Cade Lamb’s other episodes of Fear Not Do Right are filled with more common but still destructive conservative tropes. In his first episode, he interviewed election deniers Catherine Engelbrecht and Gregg Phillips, both leaders of election denial group True the Vote who also, as noted earlier, have partnered with Mark Lamb to manufacture narratives of widespread voter fraud.
“As I was watching this 2000 Mules — just blew my mind,” Cade Lamb said, referencing the election denialist film that heavily featured Engelbrecht and Phillips. “So for those that are watching this podcast, listening and you haven't seen 2000 Mules, I highly recommend it.”
He then asked them to lay out their so-called evidence, which doesn’t stand up to even remote scrutiny.
“We believe that approximately — and a little bit of this is an extrapolation, but approximately 7% of the mail-in votes — and this is very conservative in our opinion — that approximately 7% of the mail-in votes in the country are problematic,” Phillips said, minutes later.
In another episode, failed Arizona gubernatorial candidate Kari Lake was even more explicit in her election denial.
“In 2020, we know for a fact the election was stolen,” Lake said.
Cade Lamb interviewed former Rep.

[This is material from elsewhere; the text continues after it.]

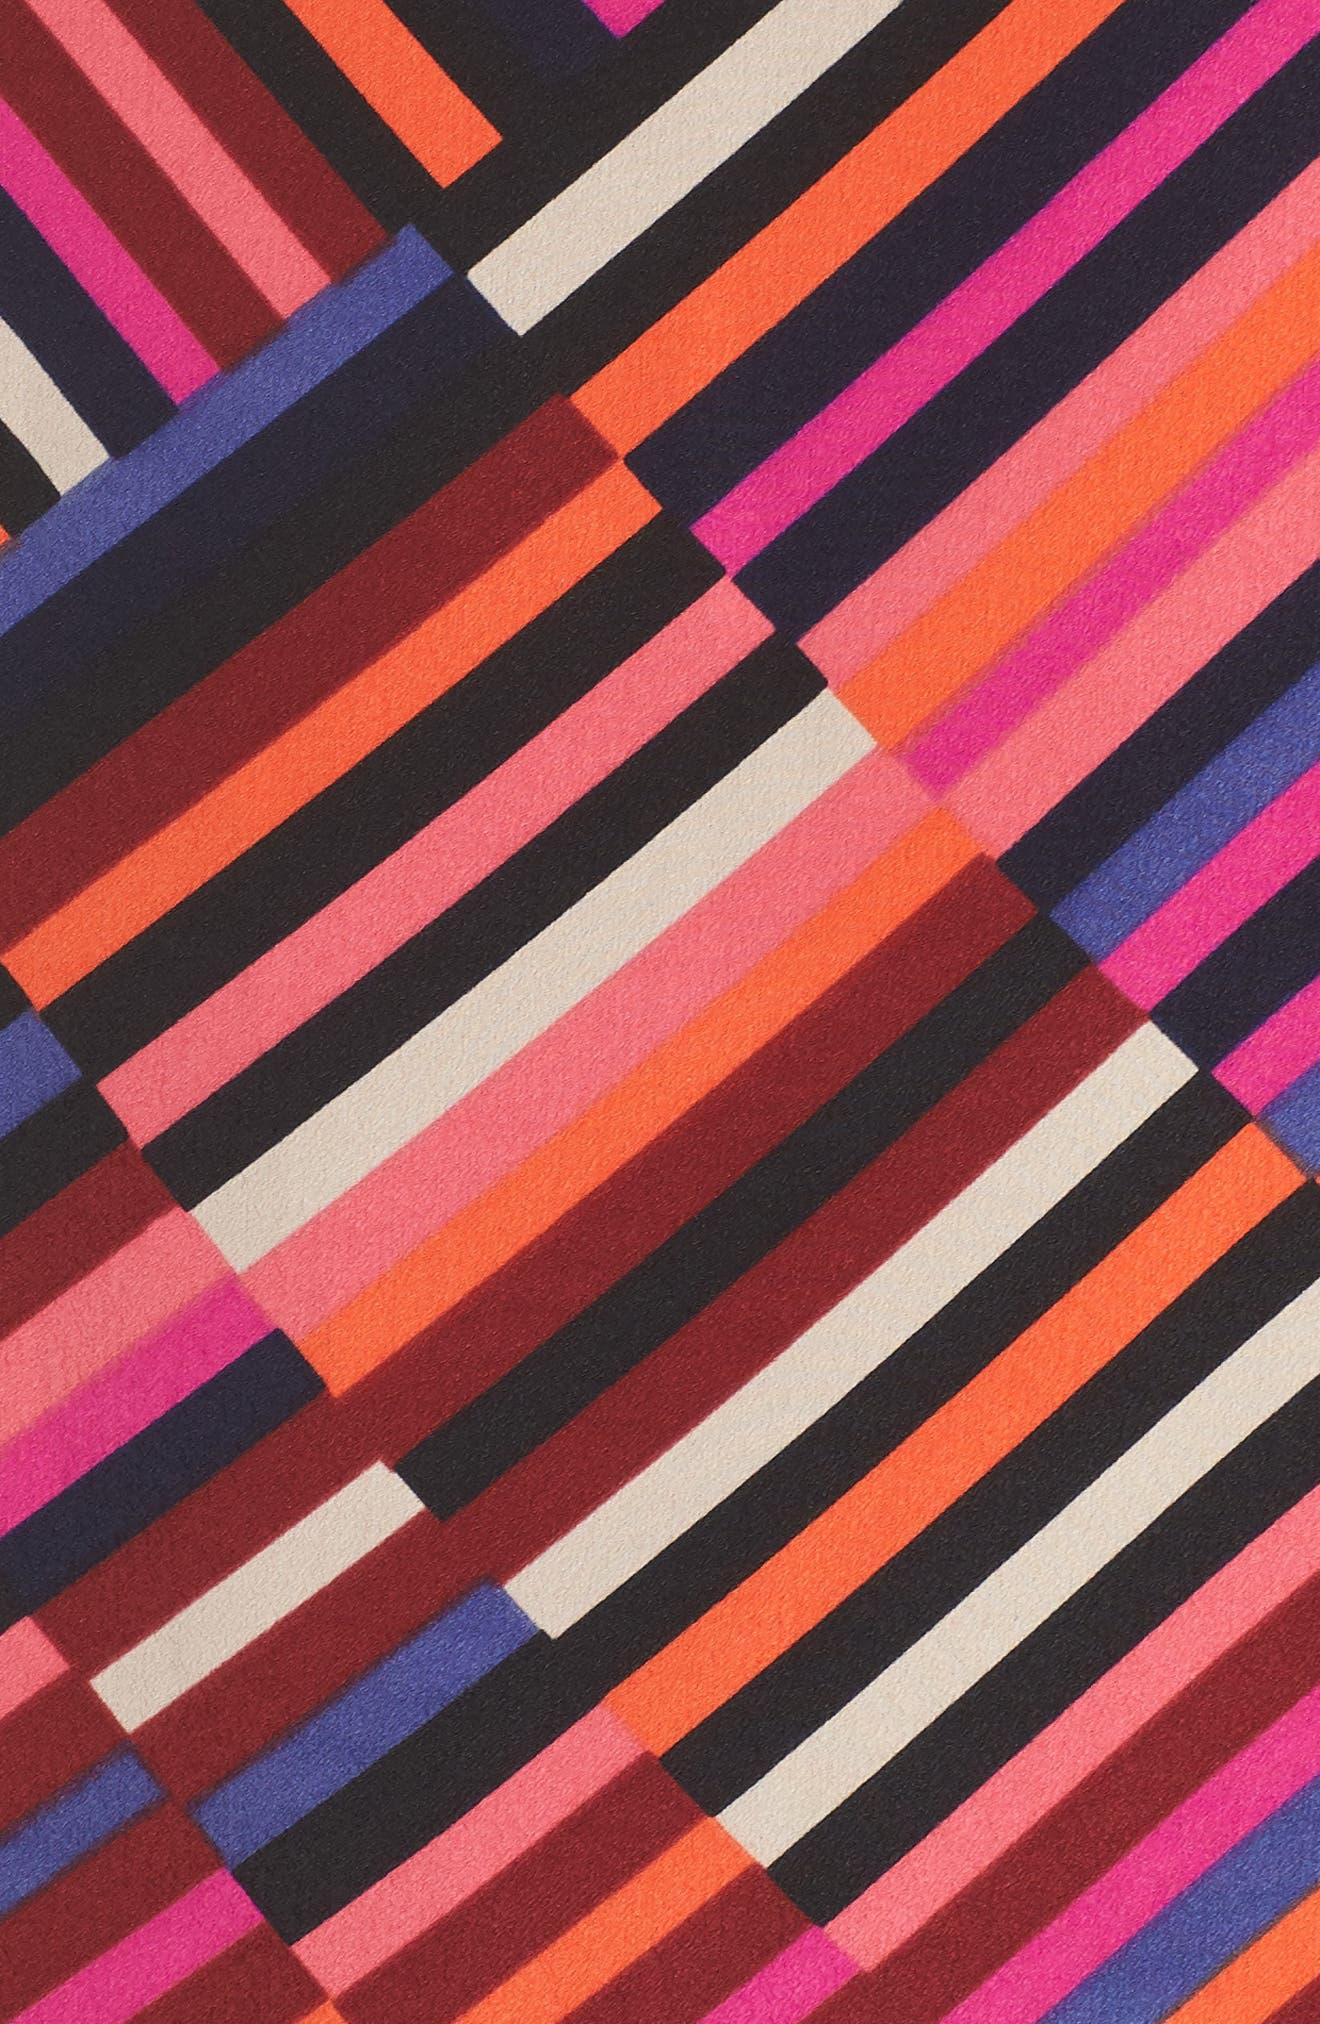 Jaxon Chiffon Dress,                             Alternate thumbnail 5, color,                             MULTI

Madison Cawthorn (R-NC), who pushed the right-wing myth that only 3% of colonists fought against the British in the U.S. war for independence.
Cawthorn described a painting in the U.S. Capitol rotunda, claiming “the reason they painted this, I believe, is because when you think about it, only 3% of the actual population of the colonies actually rose up and agreed to fight against England in that time.” Those numbers are much too low, but they form the basis of the right-wing “Three Percenter” ideology, a subset of the broader anti-government militia movement.
“I just love the idea to remind people that that small force, that small 3% of our colony was able to defeat and fight a war of attrition that ultimately led to our breaking of our chains from this English empire,” Cawthorn added.
In another rambling episode, Cade Lamb interviewed Morgan Zegers, who hosts a podcast on the Salem Radio Network and founded Young Americans Against Socialism. Zegers claimed that increased identification with LGBTQ identities among young people was a “fad,” which she compared with social pressure toward disordered eating.
“Bulimia, anorexia, eating disorders used to be the thing, that was when we were kids and that was the whole fad at the time, and young impressionable minds were falling into it,” Zeger said. “And now it has become the gender spectrum.”
“And when we look more and more into it, I mean, looking at the chemicals that we’re eating, how it's feminizing men and then everything's being normalized,” she continued.
The idea that cis men are being “feminized” is another common trope on the right, whether from an incorrect interpretation of science writing about non-human animals or fears of supposed declining testosterone levels.
Like Sawyer, Zegers sees communist threats where there are none.
“The other thing was that because we won that war, Cold War, against the USSR, we thought we’d defeated communism, when in reality the USSR itself collapsed,” Zegers said. “But the communists inside of America were more stronger than they had ever been.”
Cade Lamb’s mother and Mark Lamb’s wife, Janel, also recently appeared on the show and made anti-trans comments. She claimed in the May 1 episode of Fear Not Do Right that the lack of God in public life was responsible for increasing rates of trans identification among young people, a version of the debunked social contagion theory.
“Back in the day, we all had one thing in common, and that was what?” Janel Lamb said. “That we were children of God.”
“Well, now I really feel like society has really tried to erase God as much as possible,” she continued. “OK, so now maybe you’re part of a family. Well, what’s happening to our families? Also getting erased.”
“So now you have these kids who are out — who innately, their human nature is to want to belong — and it’s so easy now to be, like the trans kids at high school are the cool kids,” she added. “You can stand out because you can say, ‘I’m a cat and I need a litter box in our school cafeteria or bathroom, whatever.’ You know what I mean? Like, that’s how they’re trying to belong is they’re trying to do this, and there are so many evil forces that are exploiting that.”
The myth that teachers were forcing or allowing children to use litter boxes because they identify as a cat is a common and completely baseless anti-trans talking point.
Most of this content would be standard fare for right-wing media, which tends toward conspiratorial thinking, and largely forgettable under different circumstances. Cade Lamb’s podcast is obscure, and doesn’t appear to hold much sway. But it is also an extension of the family business, as his father’s close participation makes clear, and Mark Lamb is very much in the public spotlight.
Sheriff Mark Lamb presents himself as an aw-shucks mainstream figure but Fear Not Do Right undermines that act, showing that both Lambs appear to share an ideology on the far-right fringe of Republican politics.